### Information provided
_ _ _ _ _ _ _

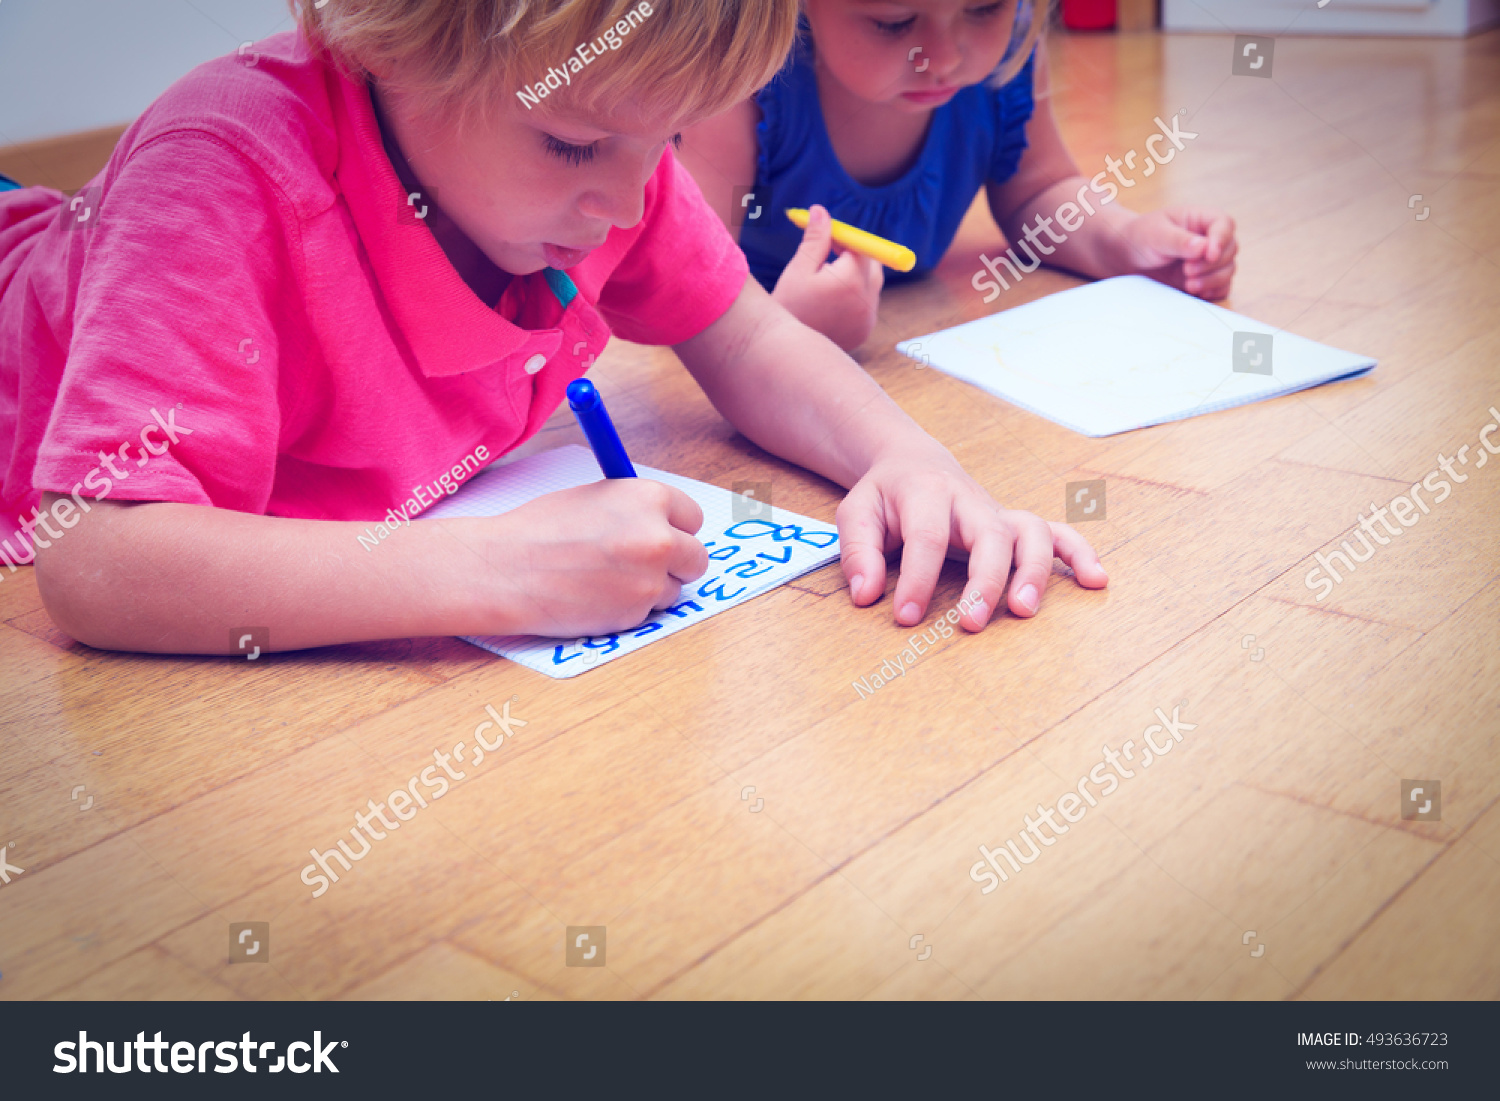 kids-learning-write-numbers-stock-photo-493636723-shutterstock
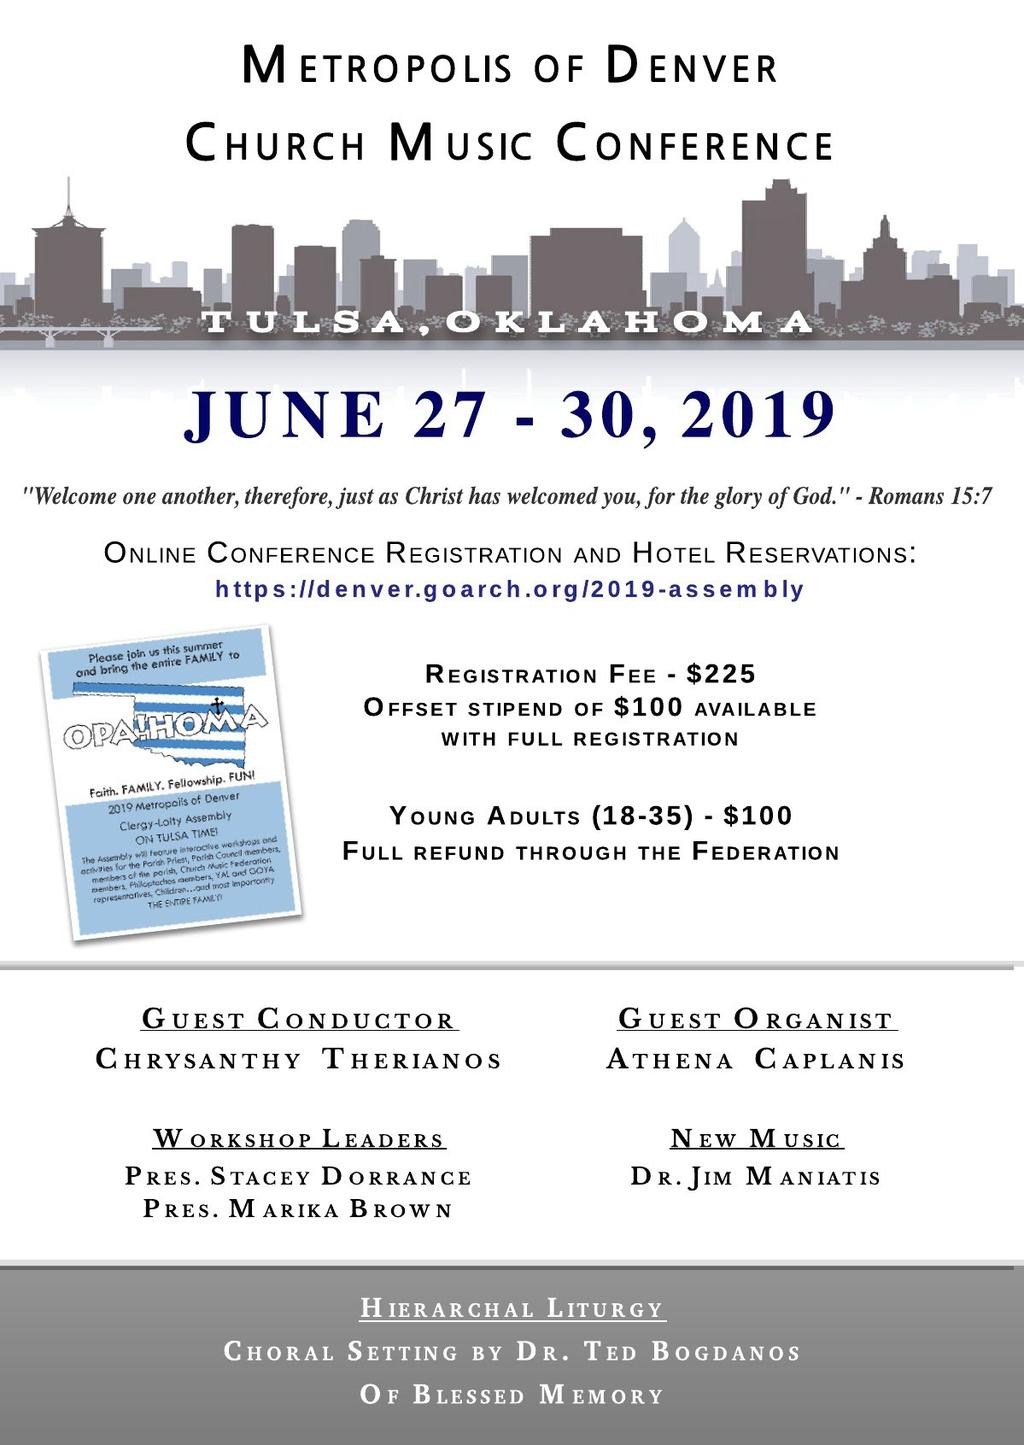 WEEKLY ANNOUNCEMENTS: June 16, 2019 The YAL Conference will be held in sunny southern California at the Hyatt Regency Long Beach, 200 S. Pine Avenue, Long Beach, CA.
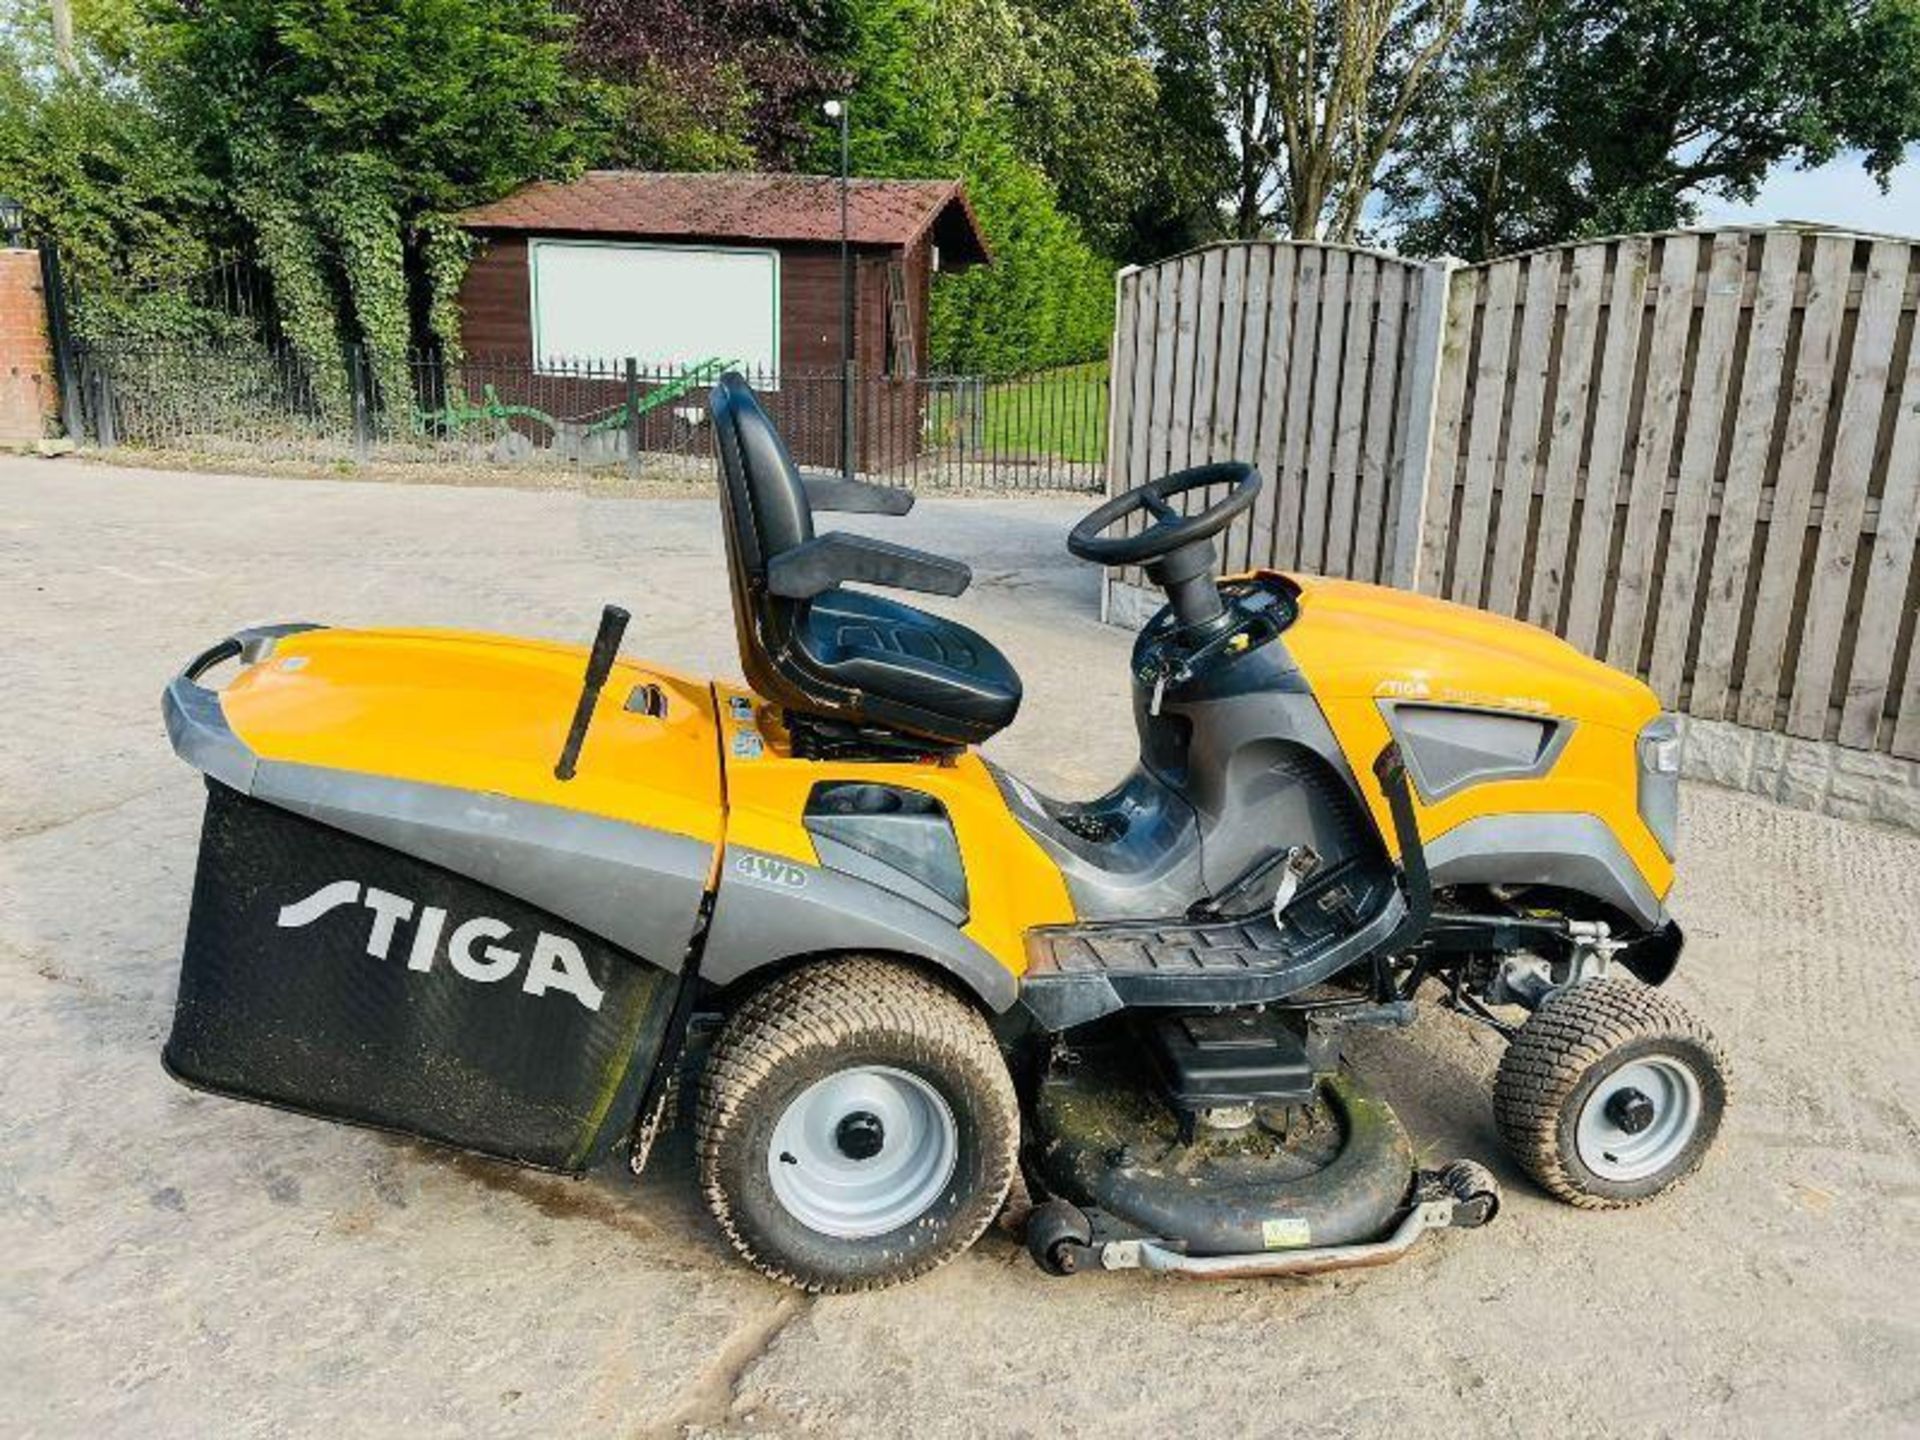 STIGA 4WD RIDE ON MOWER *YEAR 2016, 240 HOURS* C/W COLLECTION BOX - Image 10 of 12

_ _ _ _ _ _ _

### Aim of the exercise
Could you restate all of the data above word for word and skip every picture?

### Problem solution
 kids-learning-write-numbers-stock-photo-493636723-shutterstock
 WEEKLY ANNOUNCEMENTS: June 16, 2019 The YAL Conference will be held in sunny southern California at the Hyatt Regency Long Beach, 200 S. Pine Avenue, Long Beach, CA.
 STIGA 4WD RIDE ON MOWER *YEAR 2016, 240 HOURS* C/W COLLECTION BOX - Image 10 of 12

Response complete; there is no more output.